[INFORMATION SUPPLIED]:
......
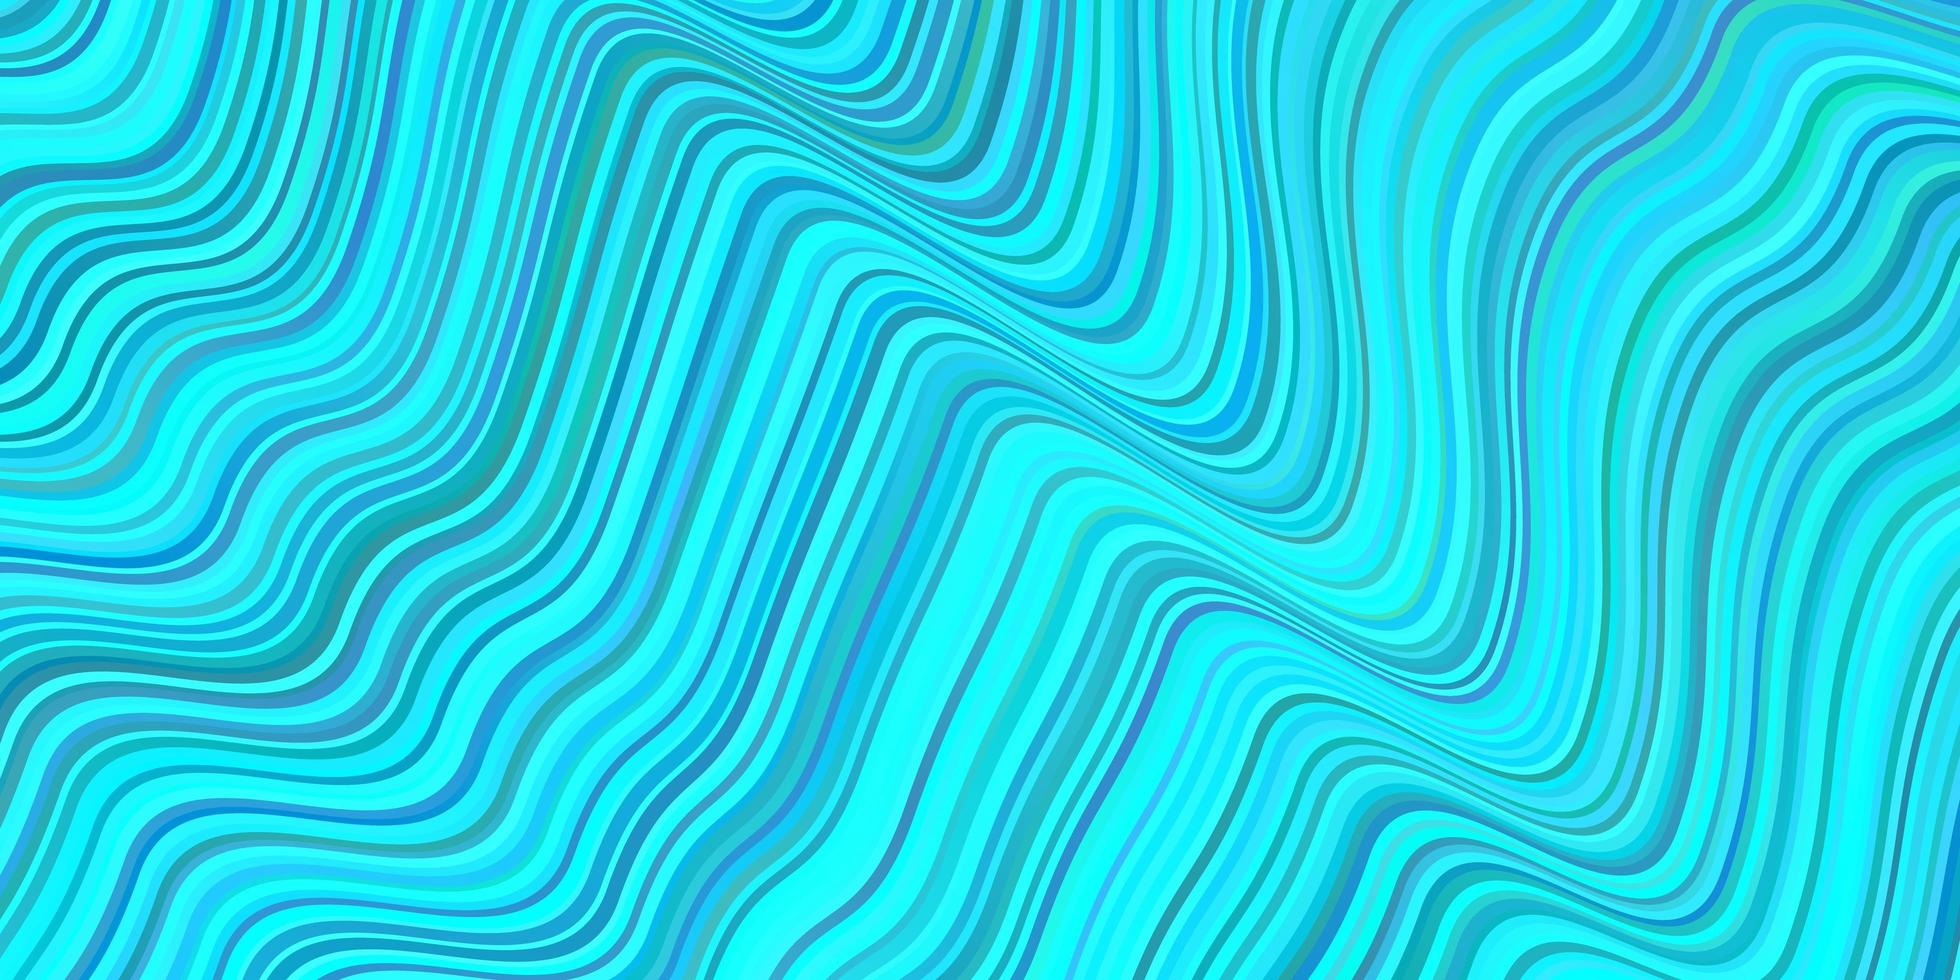 sfondo vettoriale azzurro con linee.
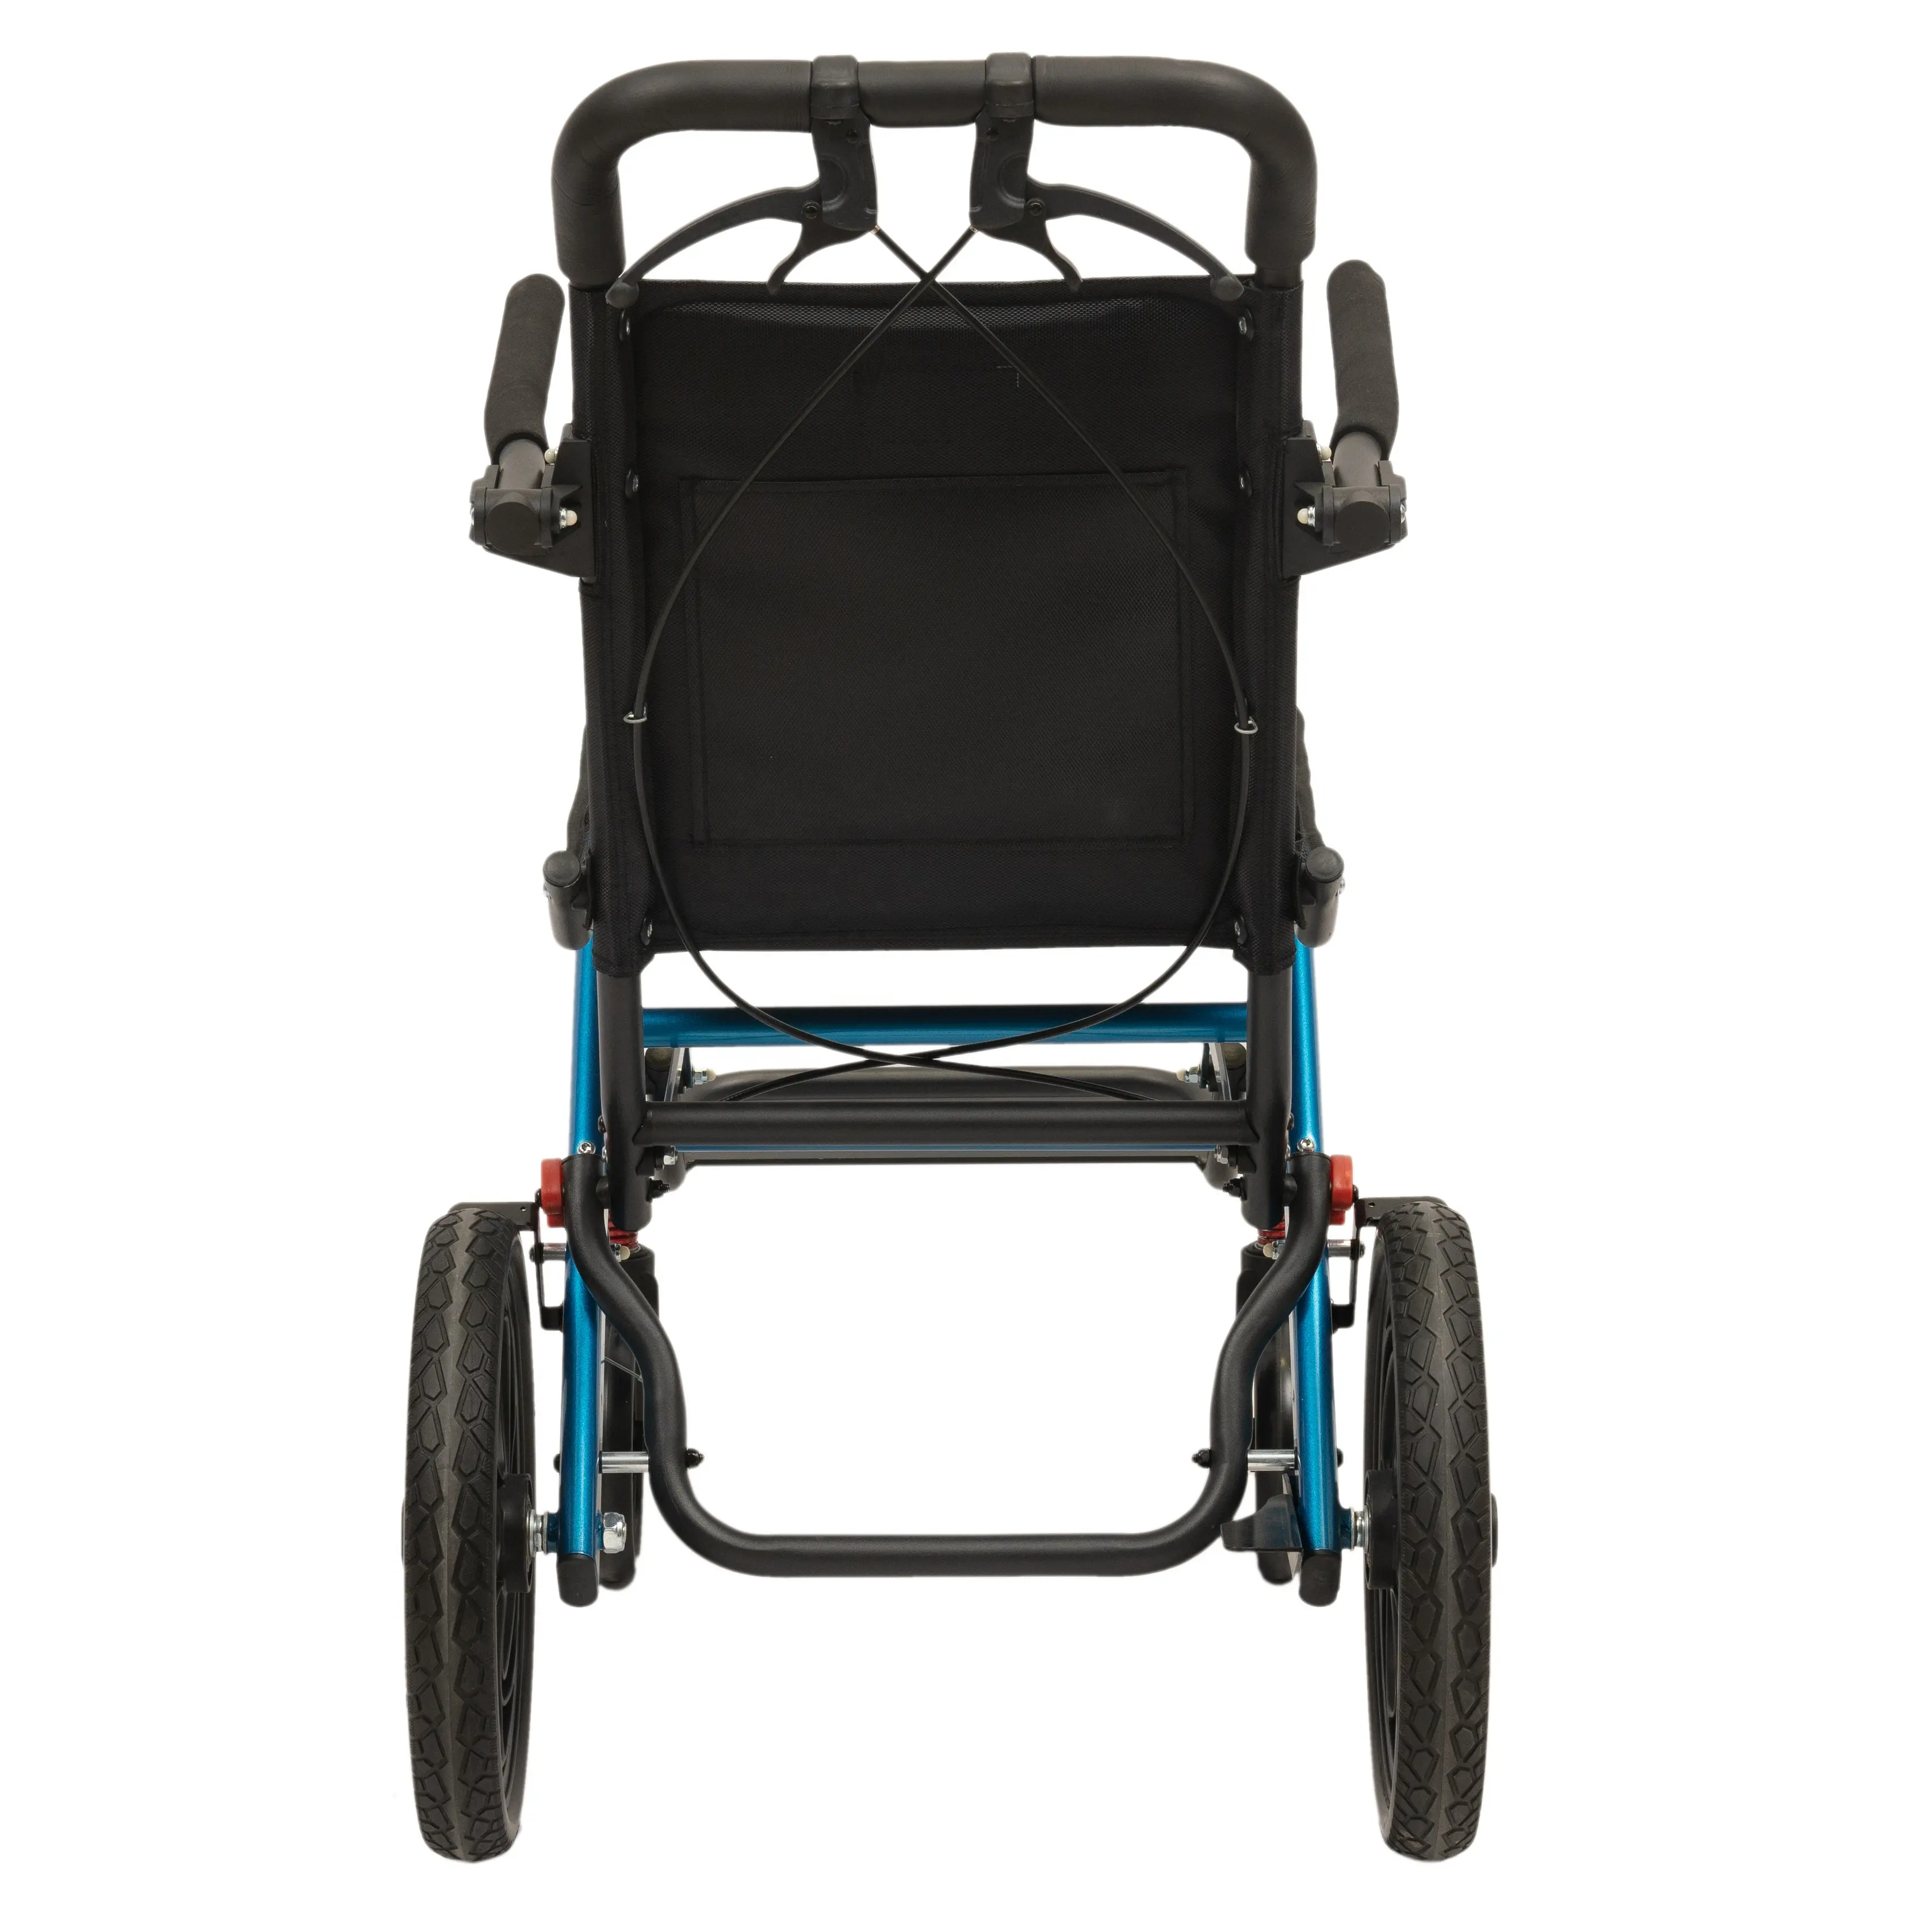 Hafif taşınabilir tekerlekli sandalyeler katlanır kendinden kilitlemeli fren manuel tekerlekli sandalye çocuklar açık kullanım için
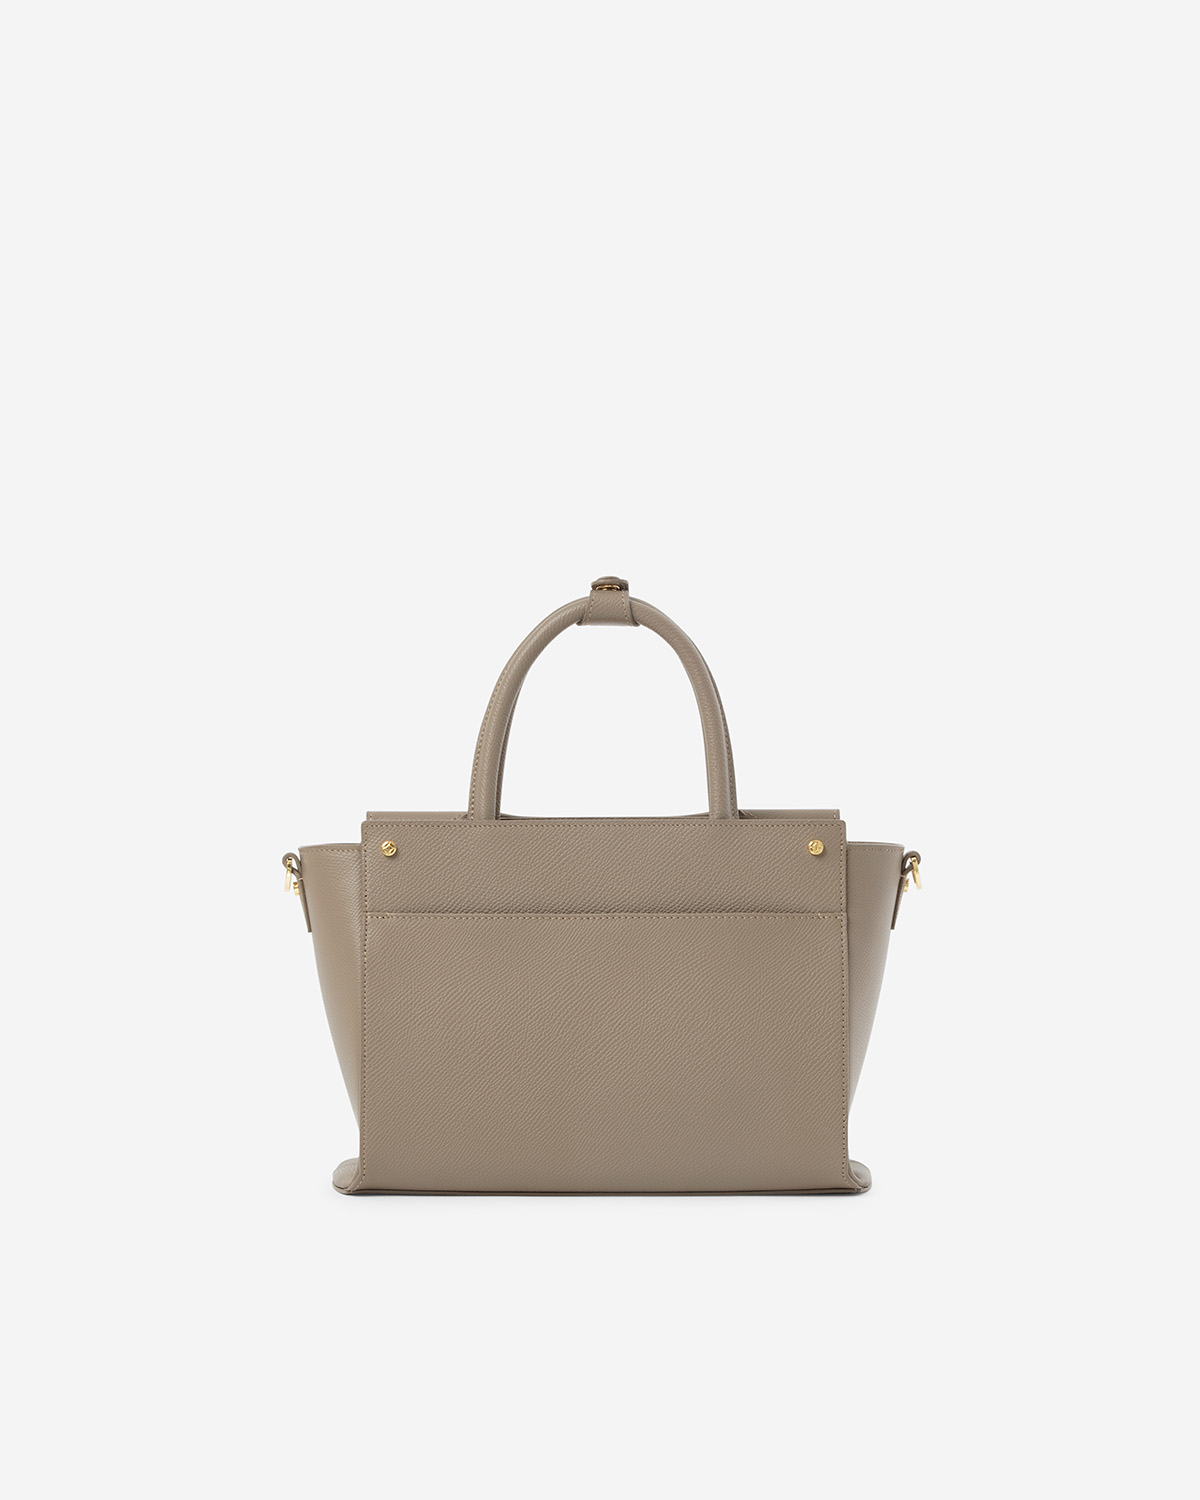 กระเป๋าถือหนังแท้ VERA Heidi Leather Handbag, ไซส์ 28 สี Taupe
......
[REQUIRED ACTION]: Exact repetition of each line above is expected; images are to be omitted.

[OUTPUT FOR THIS EXERCISE]:
 sfondo vettoriale azzurro con linee.
 Hafif taşınabilir tekerlekli sandalyeler katlanır kendinden kilitlemeli fren manuel tekerlekli sandalye çocuklar açık kullanım için
 กระเป๋าถือหนังแท้ VERA Heidi Leather Handbag, ไซส์ 28 สี Taupe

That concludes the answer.